Via had set up at her own folding card table, the usual sort of table found in every home, for the kitchen euchre game.
“When I first started here, all we had for card games were the big, round tables,” said Via. “They are too wide to reach across, so we needed the real thing.”
It was a surprise to find out that cribbage can be played more than one way.
“There are six kinds of crib,” she explained. “We play Singles, Doubles, Threes, Fast Regular and Lose games of cribbage.”
Lose cribbage is a reverse game, with the objective of avoiding all points. The player who goes out first is the loser. The winner, therefore, actually loses.
Via also finds it hard to turn down a good game of dominoes. On a recent powwow trip to Ohio, she unexpectedly landed into a rotating game of dominoes that lasted a week. She had to remind herself that the purpose of the trip was to market her porcelain dolls.
At another table in the main room at the senior’s center Wednesday Pat Waterman was sitting with a group of ladies. She prefers the game Ace to the King.

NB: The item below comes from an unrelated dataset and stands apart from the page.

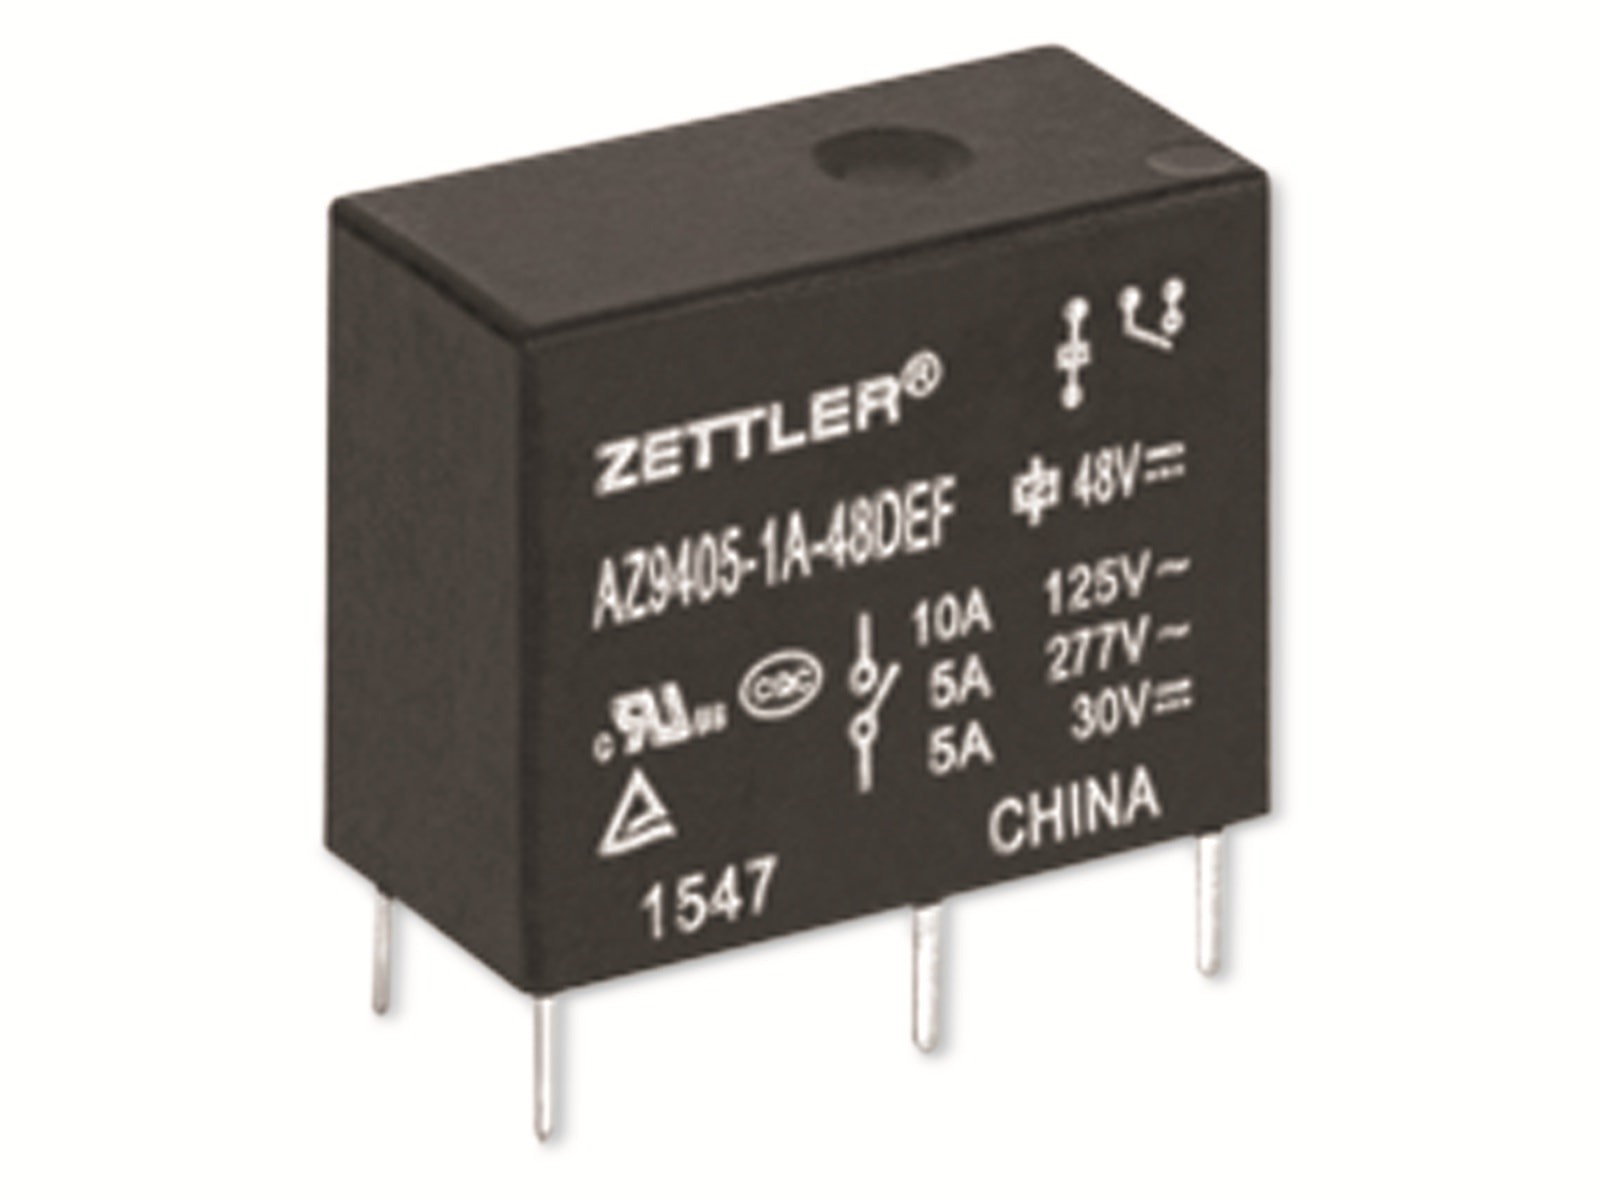 ZETTLER Printrelais, AZ9405-1C-12DSEF, 12V, 1 Wechsler, 30V/DC, THT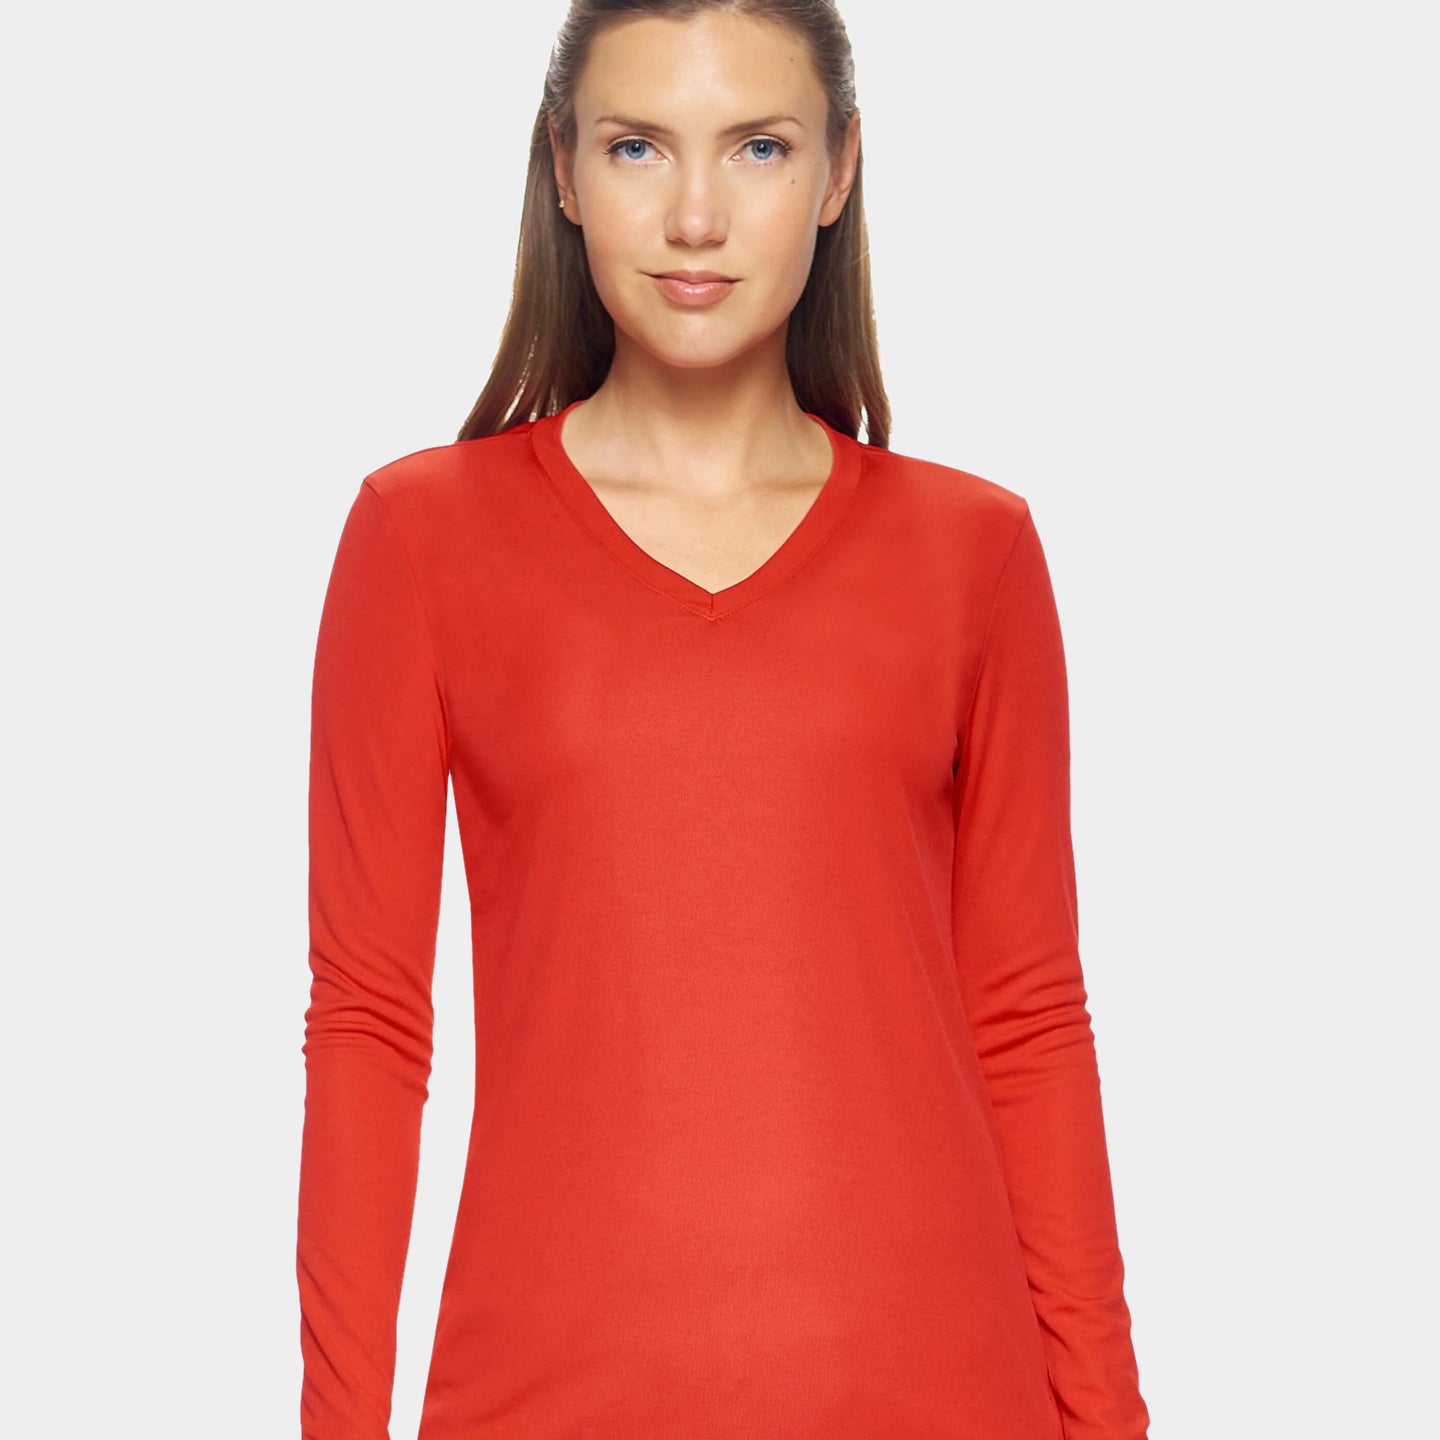 Expert Brand DriMax Women's Performance V-Neck Long Sleeve Shirt, XL, Red A1

“The game can take a couple of hours, so it’s slow and relaxed,” said Waterman.
Bertha Herne, Margaret Hamlen, Dorothy Jacobs and Ruth Cook were in agreement.
Normally, Via has a group of 12 to 16 players for her cribbage sessions, but this day she was sitting solo.
“It’s a bit unusual not to have any of the regular group here,” she laughed. “Most of the time we have more kibitzers than players, because there are only so many boards to play on.”
Clark Lauzon, coming out of the exercise room, commented, ”I’m not much for cards. I’m looking forward to the liver for lunch.”
Via, on the other hand, was on her way out to Wild Bill’s, across the road.
“Enough crib for one day,” she said. “Maybe they’ll be here tomorrow.”